Participants and procedures
Five mathematics teachers volunteered to be part of the PD programme. The teachers indicated that they were interested in learning about new ways of teaching mathematics.
These teachers were teaching Grade 5 and Grade 6 learners (10 to 12 years old). They were teaching at three schools that formed a convenience sample. The schools were suburban government primary schools that were well resourced. The classes were of mixed ability, cultural background and gender with around 33 to 35 learners in each class. The study ran for a period of one year, although actual contact with the teachers was for a period of nine months. The relevant stakeholders and gatekeepers gave their permission for the study to take place.

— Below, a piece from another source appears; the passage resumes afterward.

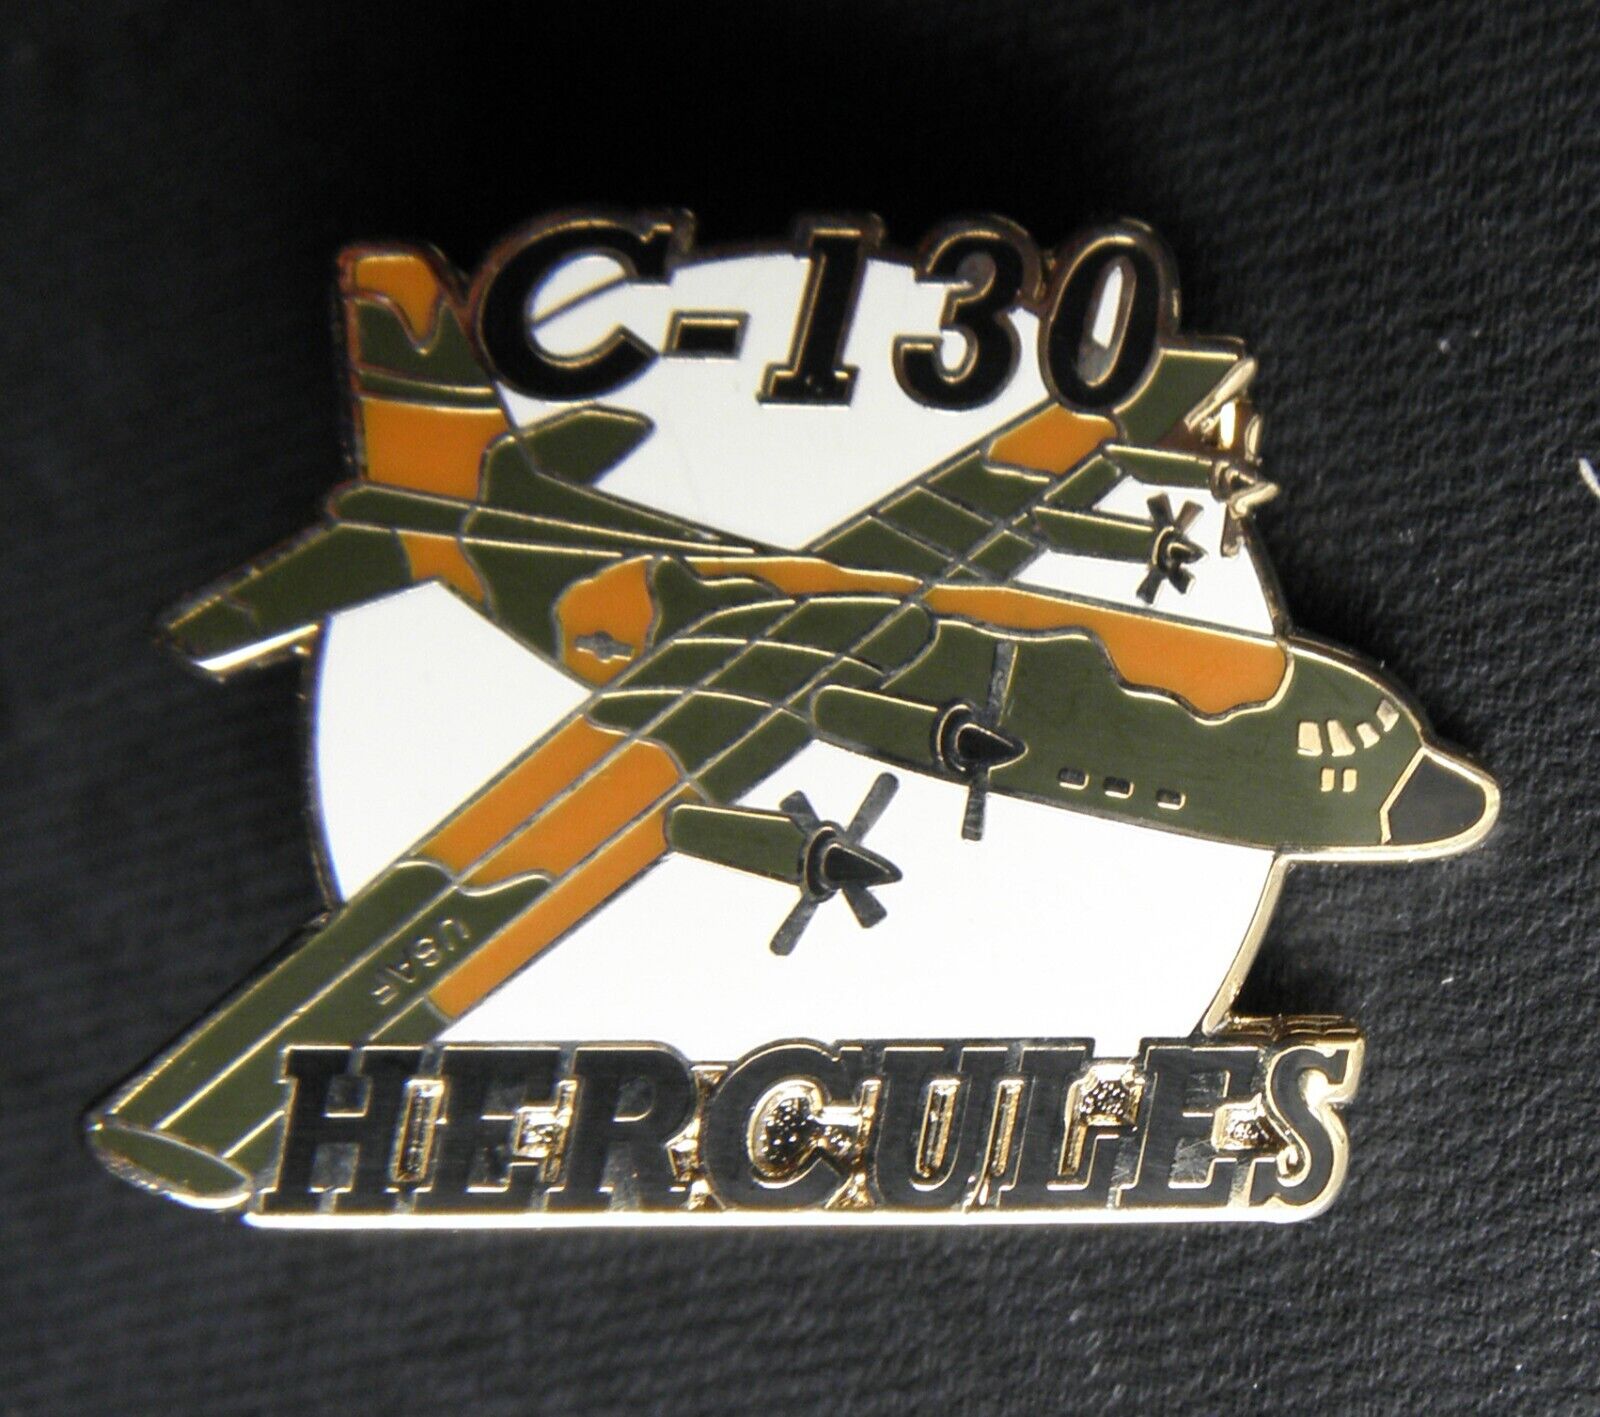 HERCULES C-130 CARGO AIRCRAFT LAPEL PIN BADGE 1.7 INCHES

The PD ran in three cycles (see Figure 3) with classroom observation visits taking place before the sessions of researcher-teacher intervention commenced. During Session 1 of each cycle, teachers would take positions as learners themselves where they solved a mathematical modelling problem as a group. An example of a modelling task (Figure 2) given is the one used for the third task in the study.
During Session 2 of each cycle, the teachers would observe small groups of learners solve the same problem. The teachers were asked to become critical reflectors during this session. During Session 3 of each cycle, I considered the discussions in Session 1 and Session 2 and provided support and scaffolding that the teachers indicated they required. PD through DBR requires both engaging teachers in one setting (the PD setting) while trying to reorganise their practices in another setting (the classroom) (Cobb, Zhao, & Dean, 2009). Session 3 of each cycle was adapted and designed as the programme unfolded and as I gained a better understanding of the dynamics of the PD.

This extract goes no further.